Это было очень утомительно — постоянно подбадривать других, — но что ей оставалось делать? Иногда, когда у нее уже не было сил изображать оптимизм, Кейт увеличивала дозу обезболивающего, сворачивалась калачиком рядом с Джонни и засыпала. А когда просыпалась, то была неизменно готова улыбаться снова.
Воскресное утро всегда требовало особых затрат нервной энергии. Сегодня все были здесь: мама, папа, Шон со своей девушкой, Талли, Джонни, Мара и близнецы. И все они по очереди, то перебивая друг друга, говорили, так что гул голосов не умолкал.
Кейт слушала, кивала, улыбалась, делала вид, что ест, хотя сегодня ее тошнило и мучили боли.
Талли первой заметила, что что-то не так. Передавая ей тарелку, она подняла глаза на Кейт и спросила:
— Тебе нехорошо?
Кейт попыталась ответить, но не смогла произнести ни слова.
Джонни поднял жену на руки и отнес в ее комнату. Он уложил ее в кровать и дал лекарство.
— Как она? — спросила Талли, зайдя в комнату.
Кейт смотрела, как стоят эти двое, плечом к плечу, и испытывала к обоим всепоглощающее чувство любви. Ей на минуту даже удалось забыть о боли.

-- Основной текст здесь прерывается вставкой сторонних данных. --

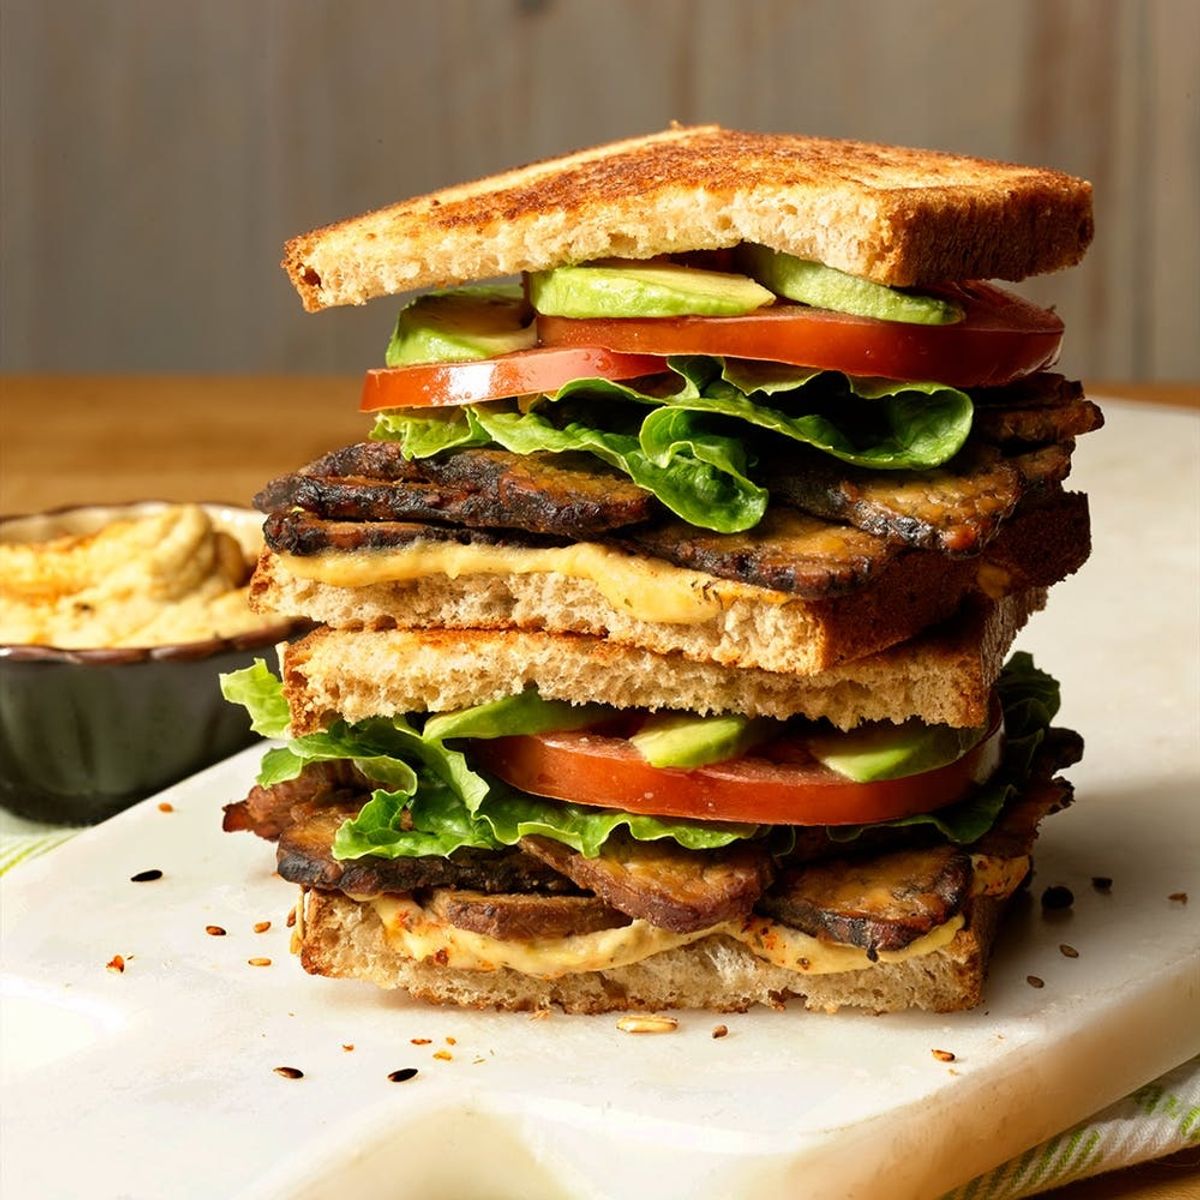 Whole Foods Market’s Vegan TTLA Sandwich Has Gone Viral — Here’s Why You’ll Want a Bite

Но и сейчас она почувствовала укол ревности, впрочем, ставший уже таким привычным за эти годы, как удары собственного сердца.
— Я надеялась, что буду чувствовать себя достаточно хорошо, чтобы поехать с вами в магазин, — виновато улыбнулась Кейт. — Хотела помочь Маре выбрать платье для выпускного. Теперь это придется сделать тебе, Талли. — Она, словно извиняясь за свою просьбу, улыбнулась. — Пожалуйста, ничего слишком открытого и вызывающего, хорошо? И будь внимательна при выборе туфель. Мара считает, что ей пора носить высокие каблуки, но я боюсь, что… — Кейт нахмурилась. — Да вы двое вообще слушаете меня?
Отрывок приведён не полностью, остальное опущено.